:: RECORDS FOR PROCESSING ::

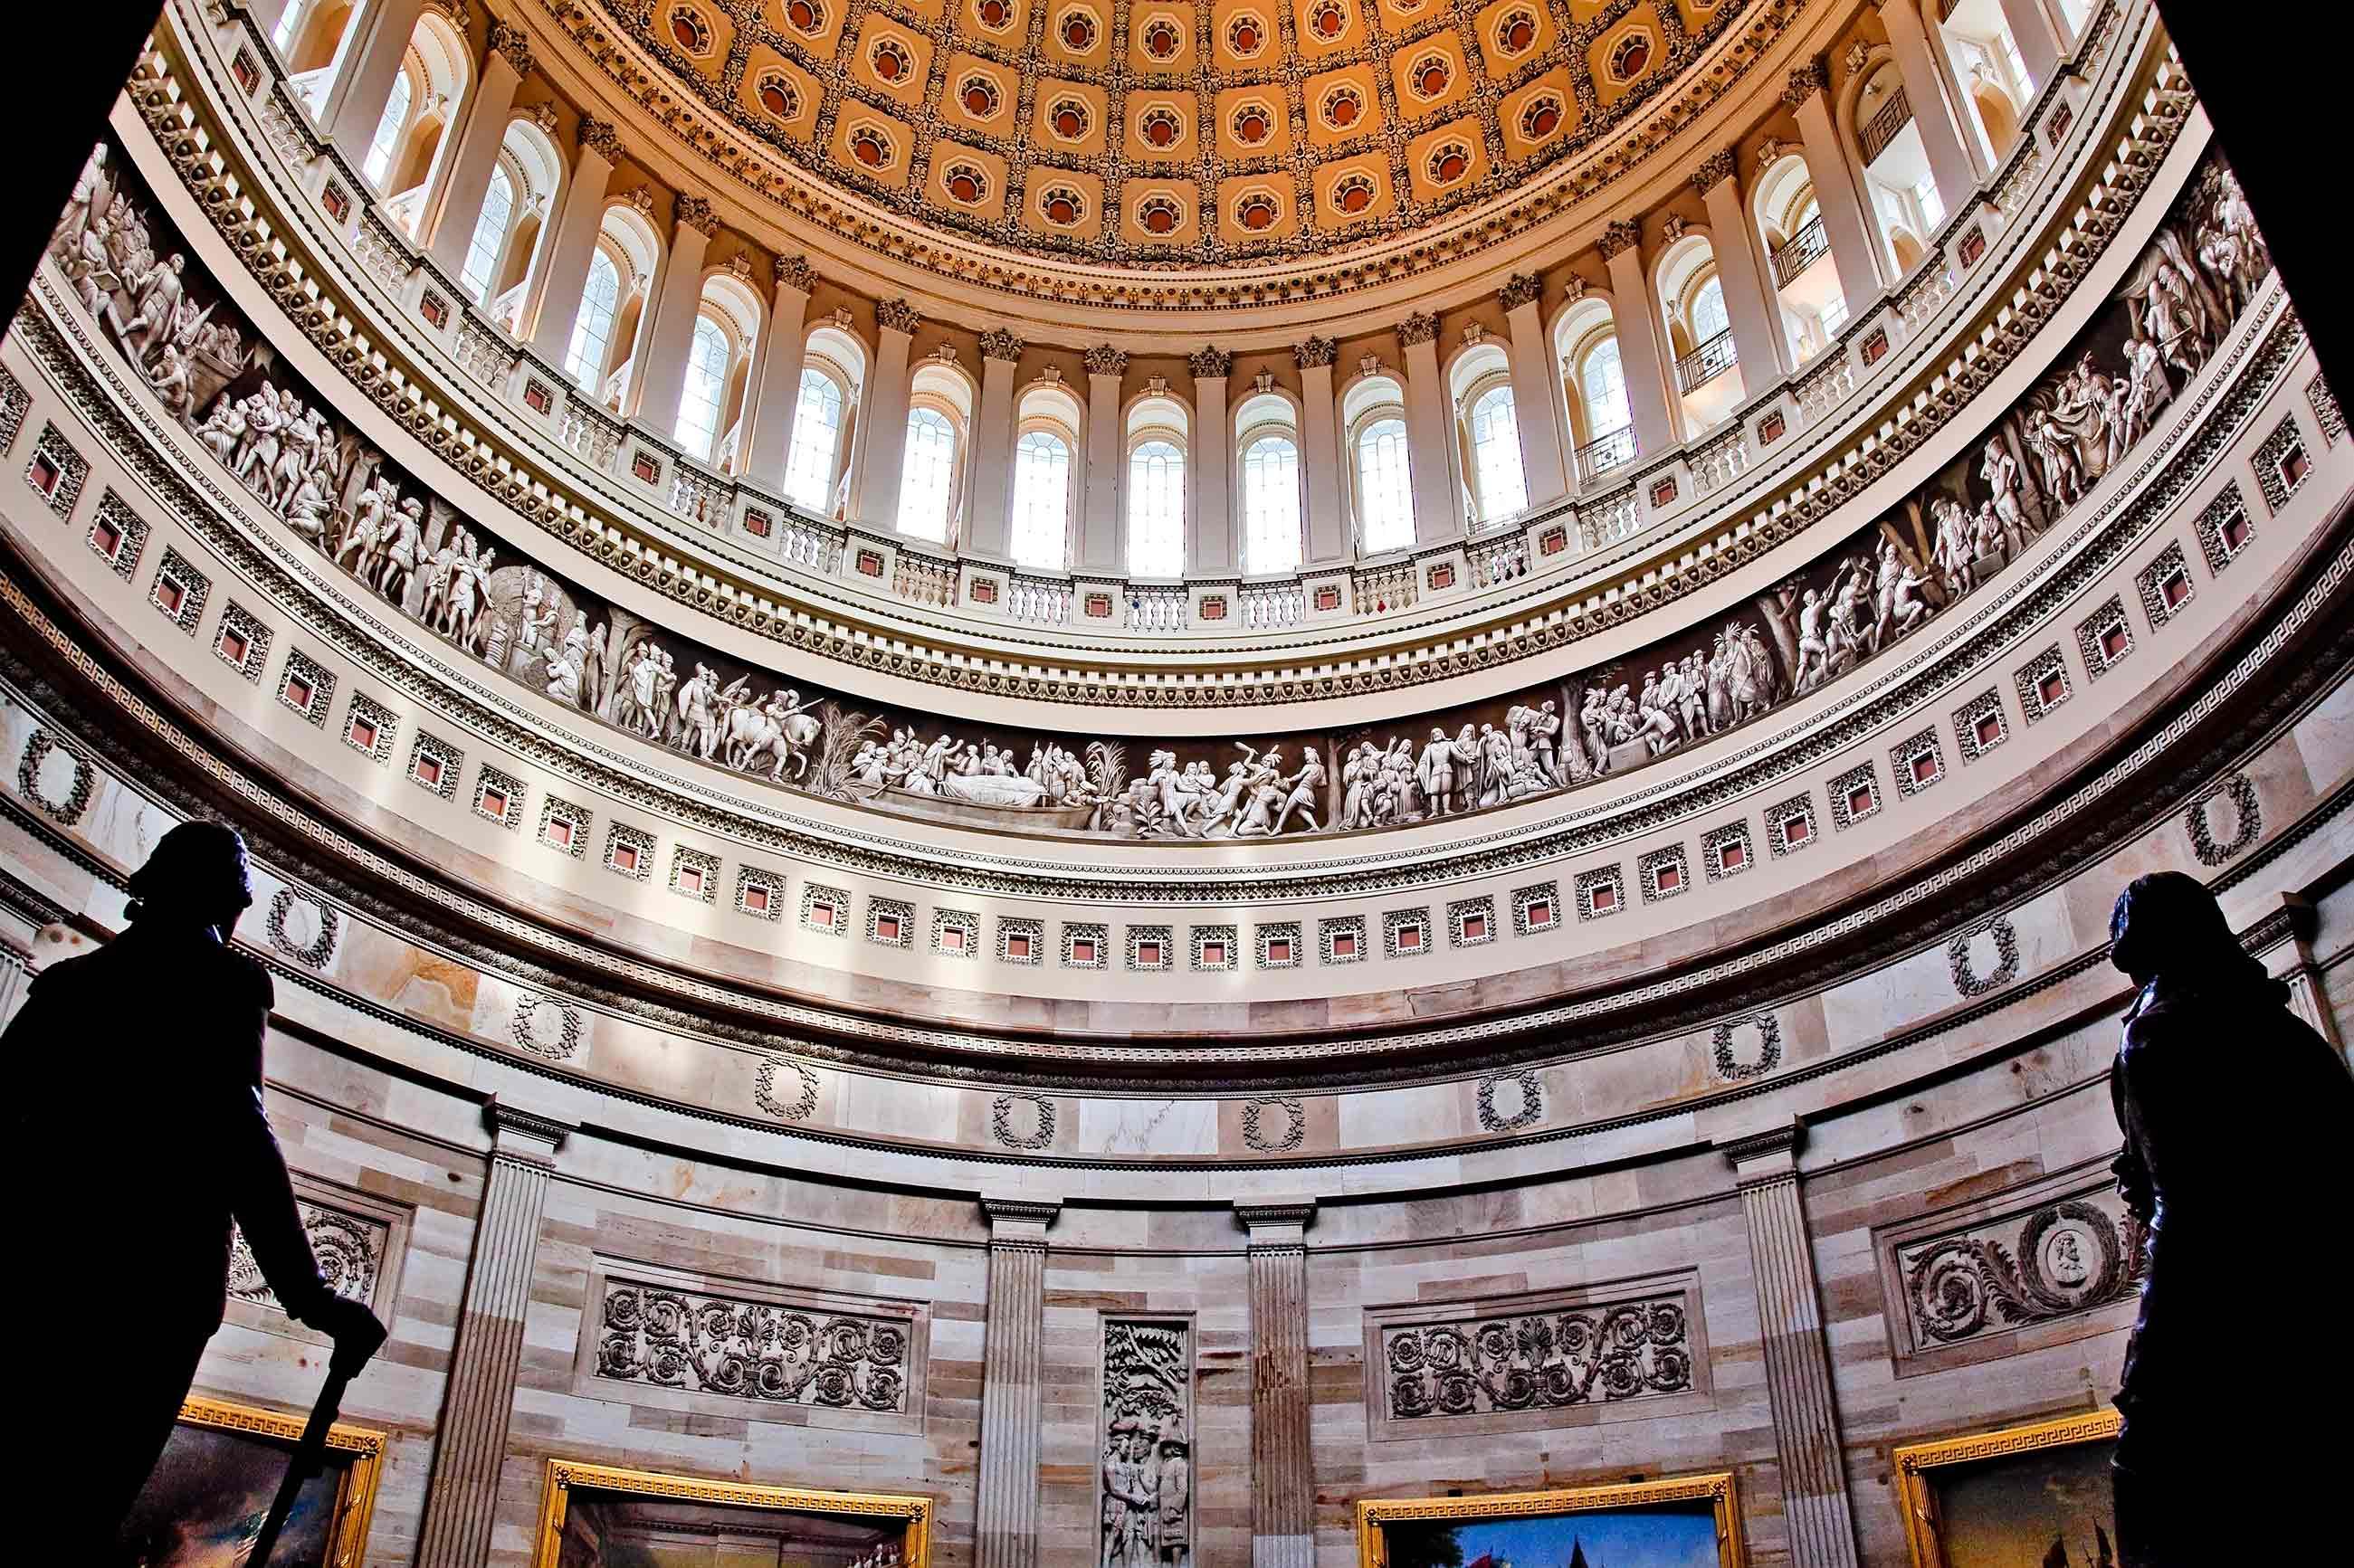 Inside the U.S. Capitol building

:::
:: RECORDS FOR PROCESSING ::

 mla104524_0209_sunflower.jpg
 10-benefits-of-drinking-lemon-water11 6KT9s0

:::

WHAT YOU ARE ASKED TO DO -> After locating the line holding "mla104524_0209_sunflower.jpg" above, output exactly that line and every line after it through the line holding "10-benefits-of-drinking-lemon-water11 6KT9s0". Include nothing else.

OUTPUT ->
 mla104524_0209_sunflower.jpg
 10-benefits-of-drinking-lemon-water11 6KT9s0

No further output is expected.